By 1929 Weinreich was on the Board of Directors of the YIVO. And that year in Kiev Shtif went much further in endorsing the Party line than the campaign for Soviet Yiddish orthography when he published “Di sotsiale diferentsiatsye in yidish: di hebreyishe elementn in der shprakh” (Social Differentiation in Yiddish: the Hebrew Elements of the Language) in his official organ, Di yidishe shprakh, in which he derided the Hebrew component of Yiddish as a reactionary relic of the religious and upper classes and called for systematic “dehebraization.”
“Vos volt yidish geven on hebreyish?” (What Would Yiddish Be Without Hebrew?) was Weinreich’s scholarly and spirited rebuttal of 1931 in the New York Yiddish journal Di tsukunft (Future). Shtif responded in 1931 and 1932 with “Revolutsye un reaktsye in der shprakh” (Revolution and Reaction in Language) in his journal, now renamed Afn shprakhfront (On the Language Front).

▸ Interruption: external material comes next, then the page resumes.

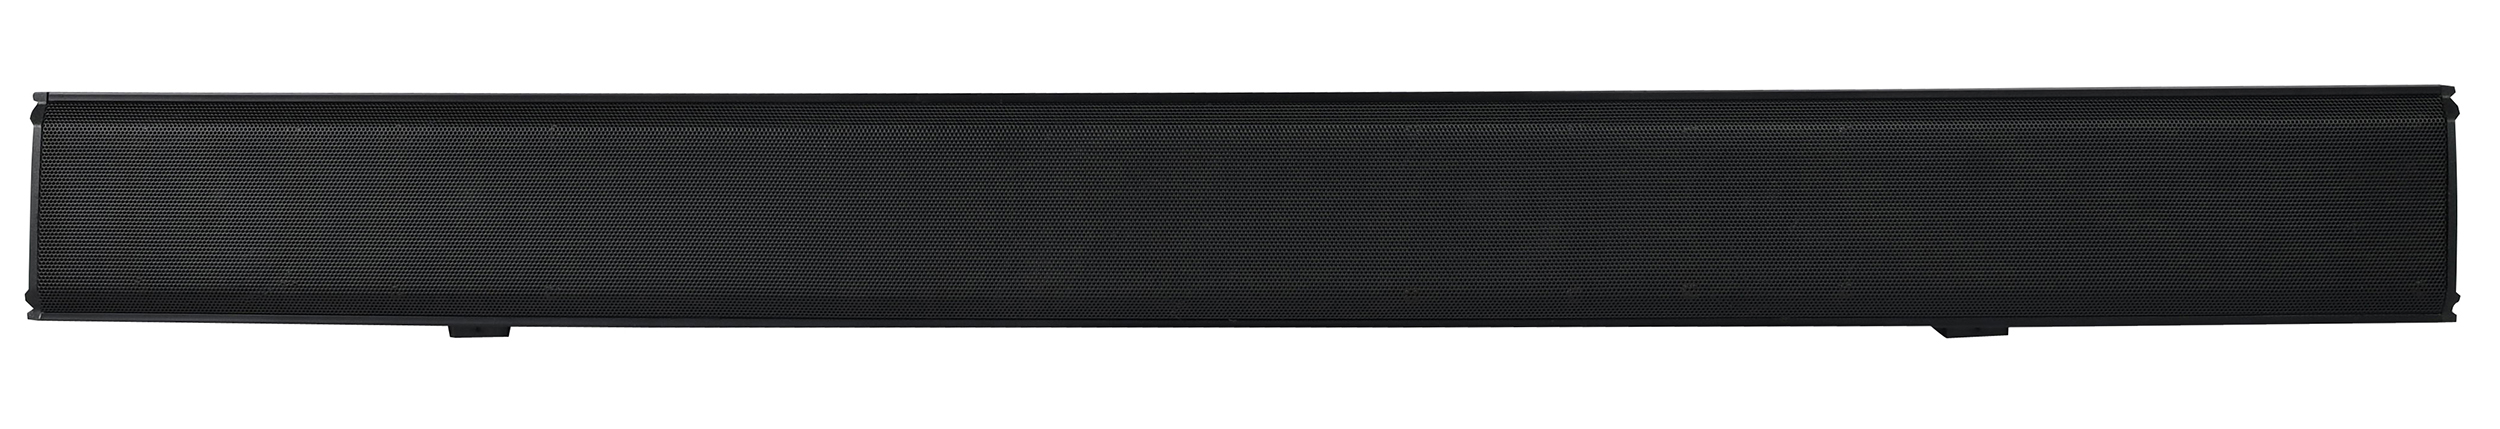 SBO680, 2.1 soundbar, 80cm 80w + Built-in Subwoofer, noir

Shtif died in 1933, at the age of 54. Weinreich wrote a generous three-page obituary in Di tsukunft that heaped praise on Shtif’s massive scholarly contributions and extolled his passionate idealism. Weinreich emphasized Shtif’s lifelong service to the Jewish people, stressing that even as a revolutionary in tsarist Russia, Shtif had insisted that Jews faced special problems that a revolution would not – as others maintained – solve automatically. As for their recent polemical clash, Weinreich made only passing reference to Shtif’s attacks on Hebrew, asking rhetorically whether they had really been the result of Shtif’s “organic development” or of some sudden pressure.
In addition to “Vos volt yidish geven on hebreyish?” Maurice Wolfthal has translated Yitzhak Erlichson’s Mayne fir yor in sovyet-rusland (My Four Years in Soviet Russia) for Academic Studies Press (2013); excerpts from Nokhem Shtif’s Yidn un yidish (The Jews and Yiddish) for Ingeveb, a Journal of Yiddish Studies, Oct. 4, 2015); Bernard Weinstein’s Di yidishe yunyons in amerike (The Jewish Unions in America); Nokhem Shtif’s Pogromen in ukrayne (The Pogroms in Ukraine); and four novellas by Ayzik-Meir Dik. His translation of Shmerke Kazcerginski’s Khurbn vilne (The Destruction of the Jewish Community of Vilna) is forthcoming with Wayne State University Press.